I was using 6.8k shunted with 1.5k in series with a cap that created a 100Hz corner. Maxing the drain pot brought the voltage at the source somewhere around 6V, though using an 18V supply didn’t fix anything. Like I mentioned, I added a positive voltage to the gate in an attempt to overcome any issues with the voltage swing falling below pinch-off.


----------



## Greg (May 25, 2022)

I guess my question is how are people comfiguring jfet gain stages that can handle higher than vintage-output neck humbuckers, let alone mid-focused signal boost like a tube screamer with the level maxed and the drive at somewhere around 10 o’clock?


----------



## temol (May 25, 2022)

Almost all my jfet preamps have 2N5457 or 2N5458 in the first stage. First stage just amplifies the signal, no clipping.


----------



## Chuck D. Bones (May 25, 2022)

First stage will clip if driven by a TS with LEVEL at 10.  I would look at what Brian Wampler did with the Velvet Fuzz.  He has boosters in front of a (slightly modified) Plexi-Drive.  He deliberately attenuates the booster output so as to not hit the 1st JFET stage too hard.  Driving the gate-source junction into conduction will generate some very harsh harmonics.


----------



## Greg (May 25, 2022)

That’s what I was afraid of. In the deluxe version Brian configured the TS circuit with a fair amount of gain and the boost control affects the output. I’ve lowered the gain significantly; to equivalent of about 9 o’clock on my TS9. I know I’m not alone in preferring that an OD actually overdrive the next stage of a crunchy amp rather than just add a layer of distortion.

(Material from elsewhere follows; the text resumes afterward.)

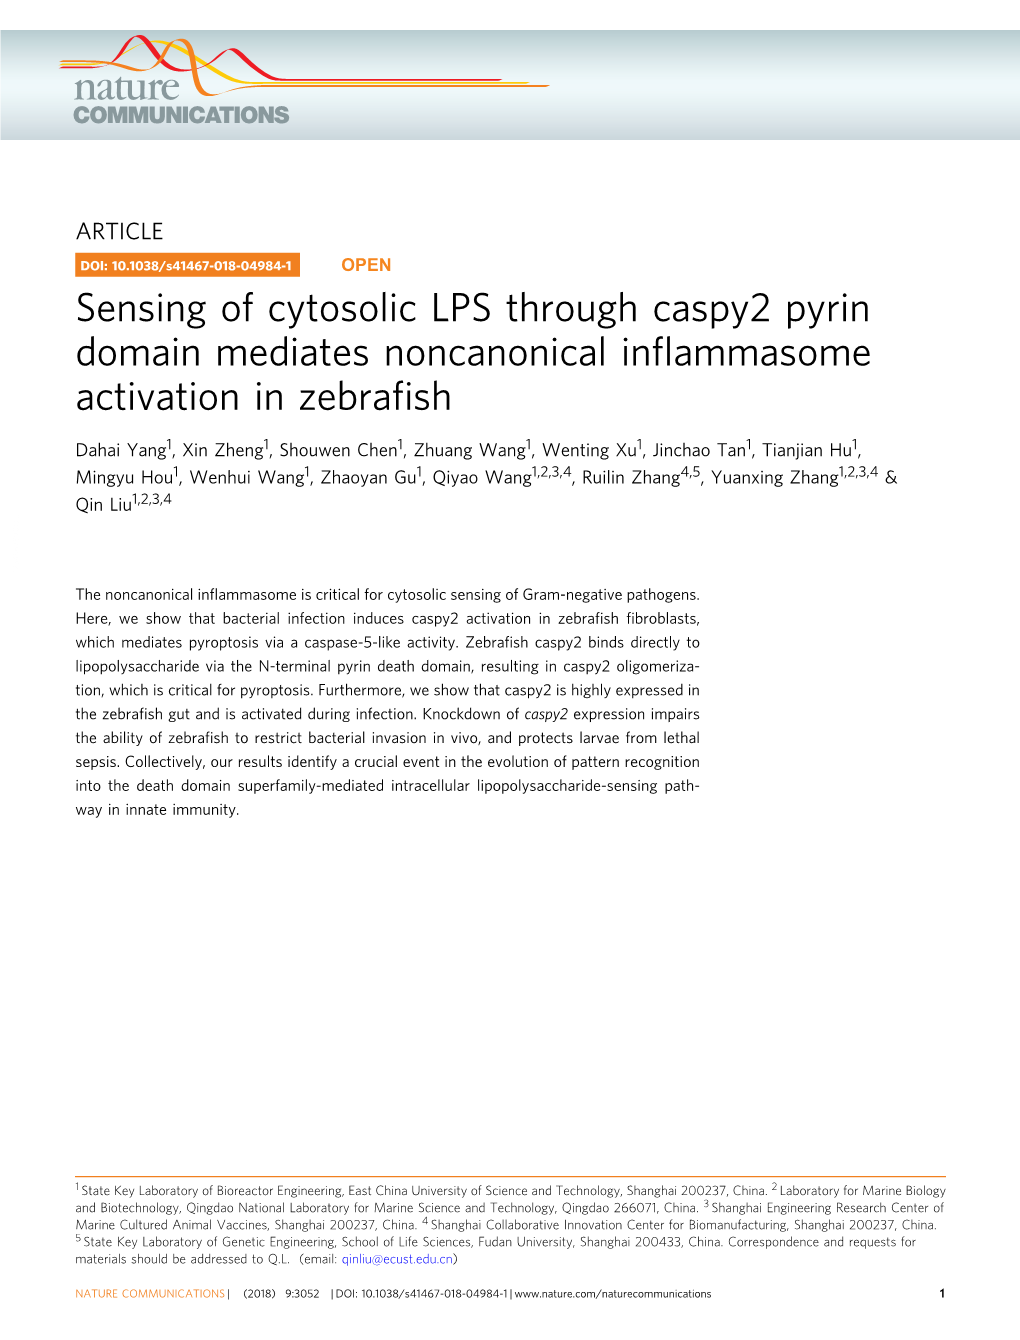 Sensing of Cytosolic LPS Through Caspy2 Pyrin Domain Mediates Noncanonical Inﬂammasome Activation in Zebraﬁsh
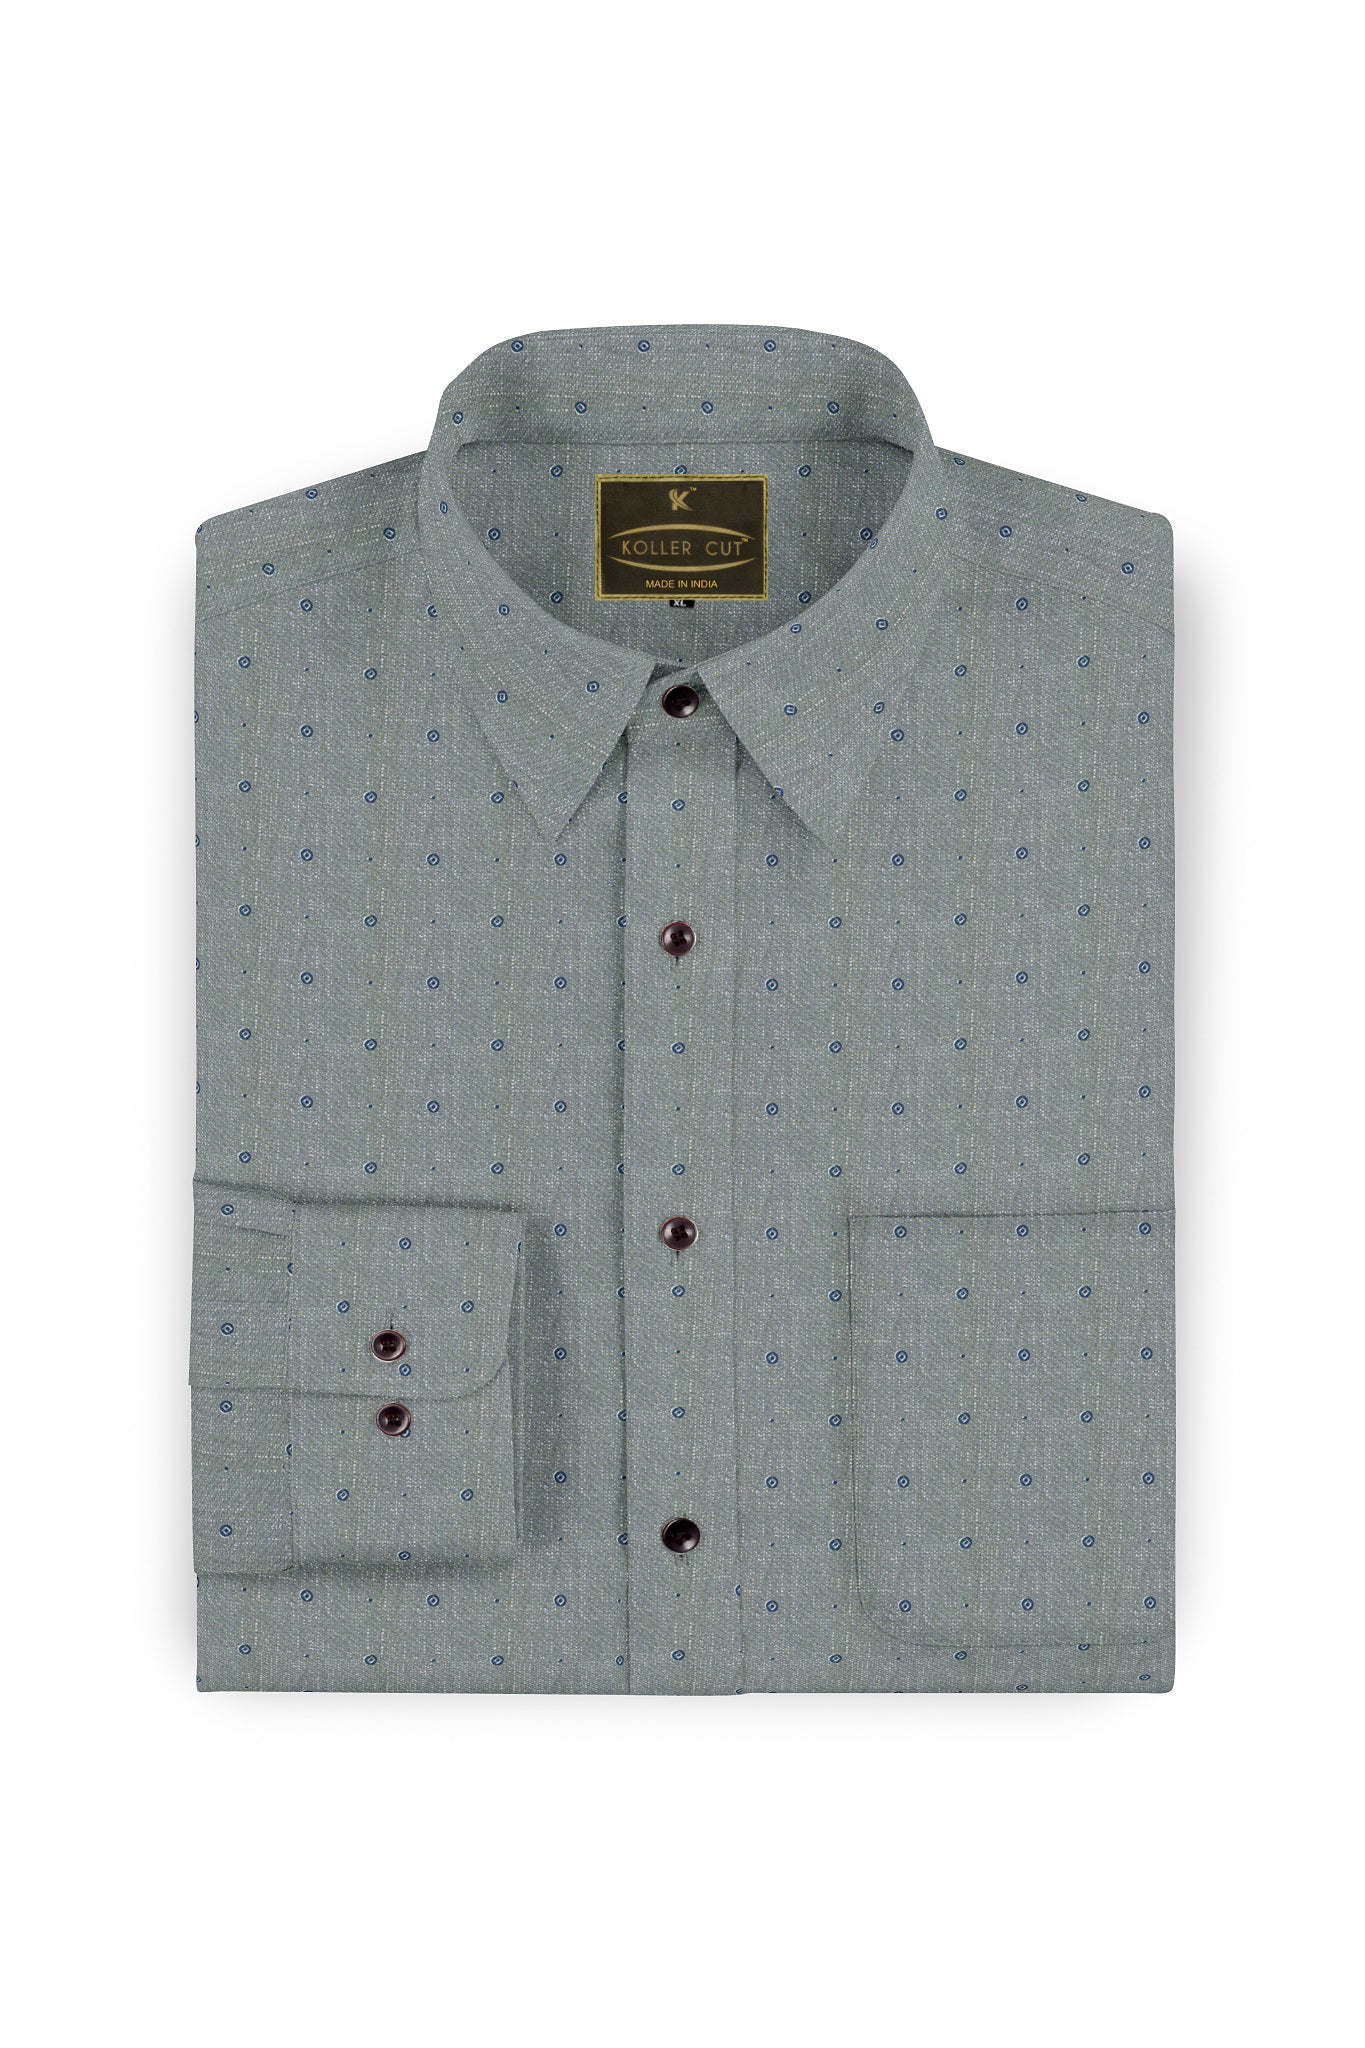 Rhino Gray with Diamond in Circle Printed Cotton Shirt

I would say the quality of the distortion I’m experiencing is more of a squish like a fuzz pedal with the note folding over on itself and taking a while to recover before the note has clarity.

Now I’ve reduced the boost level below the threshold of the unwanted behavior. Because I’ve cut back the gain of the boost circuit the tone is thinner despite the added compression, which isn't surprising.

My preferences out of the way I really appreciate the feedback and am happy to learn that this is normal behavior.


----------